Dans une autre étude, les visites à domicile ont été davantage citées comme frein à une installation en zone rurale : les visites sont mal considérées en cas d'exercice rural (65). Se déplacer sur des territoires à la campagne peut poser problème à certains médecins (65). Les visites à domiciles augmenteraient la charge de travail des médecins (51). L'importance des distances dans ces territoires serait chronophage (61). Des internes souhaitaient limiter les visites aux seuls patients le nécessitant vraiment (73).

4.3.2.6 Une comparaison père/fils

Un médecin urgentiste a été freiné dans l’installation en libéral par la comparaison faite par les patients entre son exercice et celui de son père. Il semble ne pas avoir apprécié cette situation vécue lorsqu'il a remplacé son père, installé en médecine générale.

4.3.2.7 Conduire pour se rendre au domicile des patients

Les visites à domicile peuvent poser un problème aux médecins en raison de la nécessité de conduire un véhicule pour se rendre chez les patients.

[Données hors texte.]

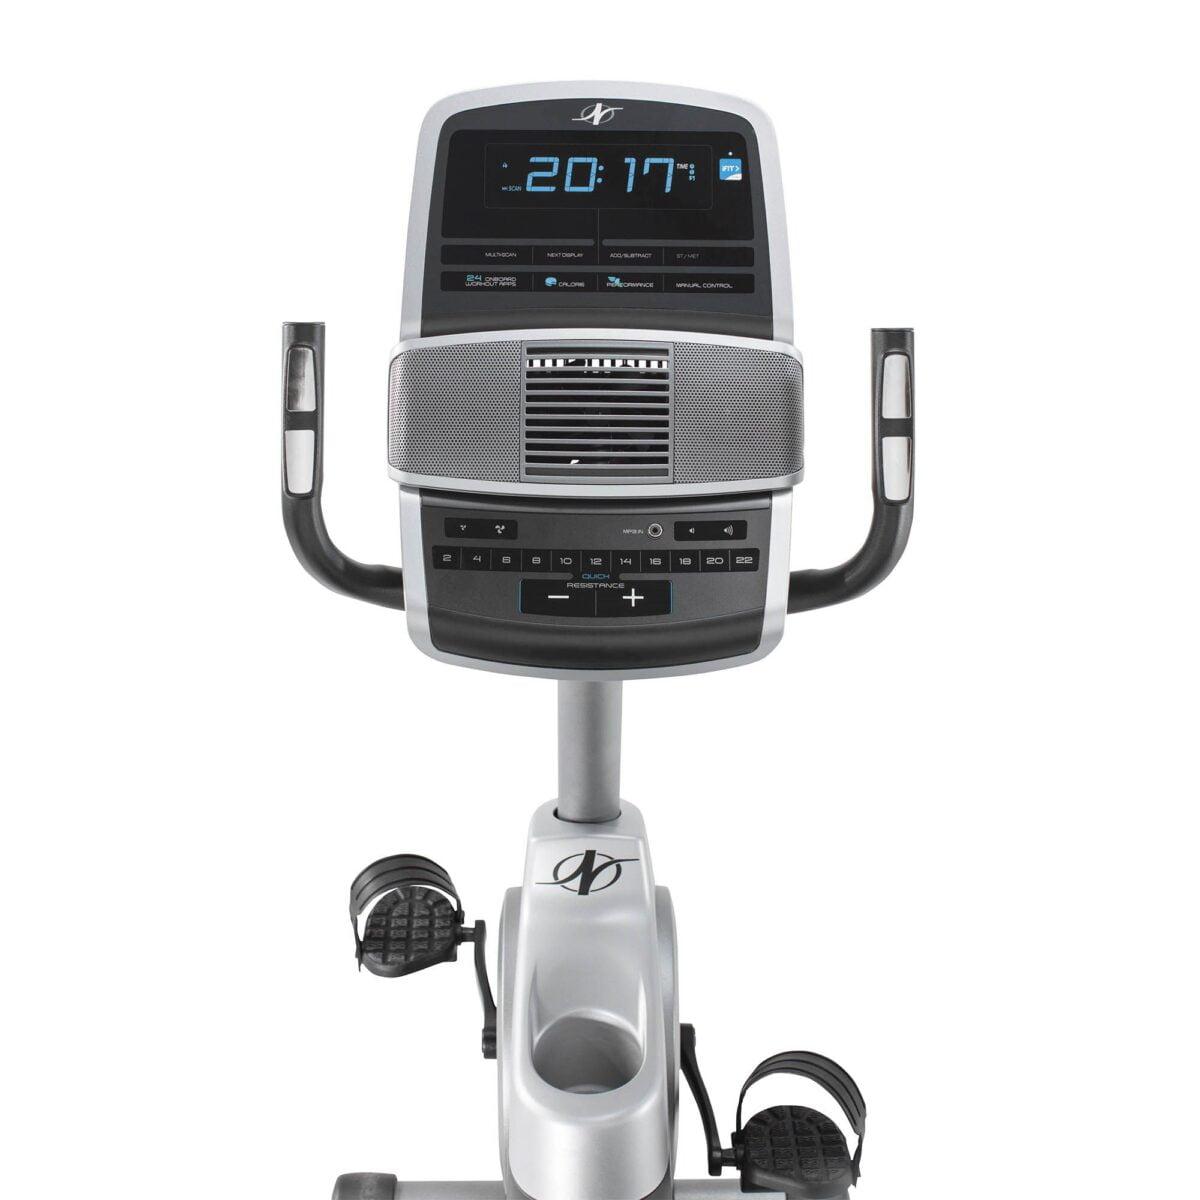 NordicTrack VR19 Bike LCD Panel Voucher Code

Ce n'est donc pas directement les visites à domicile qui constituent un frein mais la conduite automobile.

4.3.2.8 La personnalité, les convictions personnelles

Des convictions personnelles au sujet de la médecine générale libérale sont apparues au cours des entretiens réalisés avec les médecins. Un médecin interrogé a rapporté que le choix du mode libéral était une question idéologique : pour lui, médecine générale implique forcément un exercice libéral. La personnalité est également intervenue dans le choix des médecins. Certains d'entre eux considèrent qu'ils sont faits pour exercer en libéral alors que pour d'autres, ils considèrent que ce n'est pas dans leur tempérament.

Certains médecins seraient ainsi “faits” pour exercer en libéral, d’autres pas. Dans les représentations de certains, les généralistes seraient forcément des gens ayant « une mentalité de libéral ».

Ce facteur se rapproche de la conviction personnelle de certains étudiants interrogés dans le cadre de la thèse de C. Chandez et F. Chiron (70). La médecine générale libérale est pour eux une vocation. Cela est cependant contredit par d’autres travaux. Dans une thèse réalisée en 2005, seuls 23 % des internes en médecine générale n'ayant pas de projet professionnel avant les ECN, ont le projet de s'installer en libéral après leurs études (10). Ceux dont le projet était initialement de faire de la médecine générale, sont 27 % à souhaiter s'installer en libéral. L'activité salariée est envisagée principalement par ceux qui ne souhaitent pas faire de la médecine générale avant les ECN, à savoir 40 % d'entre eux. Quelque soit leur projet professionnel initial, c'est l'activité mixte qui est davantage plébiscitée par les étudiants (10). Plus qu’une vocation ou un état d’esprit, il semblerait que vouloir initialement faire de la médecine générale et préparer un projet professionnel d’installation en amont de ses choix définitifs, soient des facteurs facilitant l’installation en médecine générale libérale.

4.3.2.9 La perception d'une grossesse dans son entourage professionnel

La grossesse a également influencé un des médecins vers le salariat en raison d'un élément non retrouvé dans la littérature. Il s'agit de l'acceptation de la grossesse par ses collègues. Il faut souligner que ce médecin exerce en PMI, les professionnels de santé y travaillant sont peut-être plus enclins à accepter cette situation. Les autres médecins salariés n'en ont pas parlé. Être enceinte permet également de se projeter dans l'avenir avec un désir d'avoir suffisamment de temps libre pour s'occuper de l'enfant à naître. Cela a freiné un des médecins à s'installer en libéral.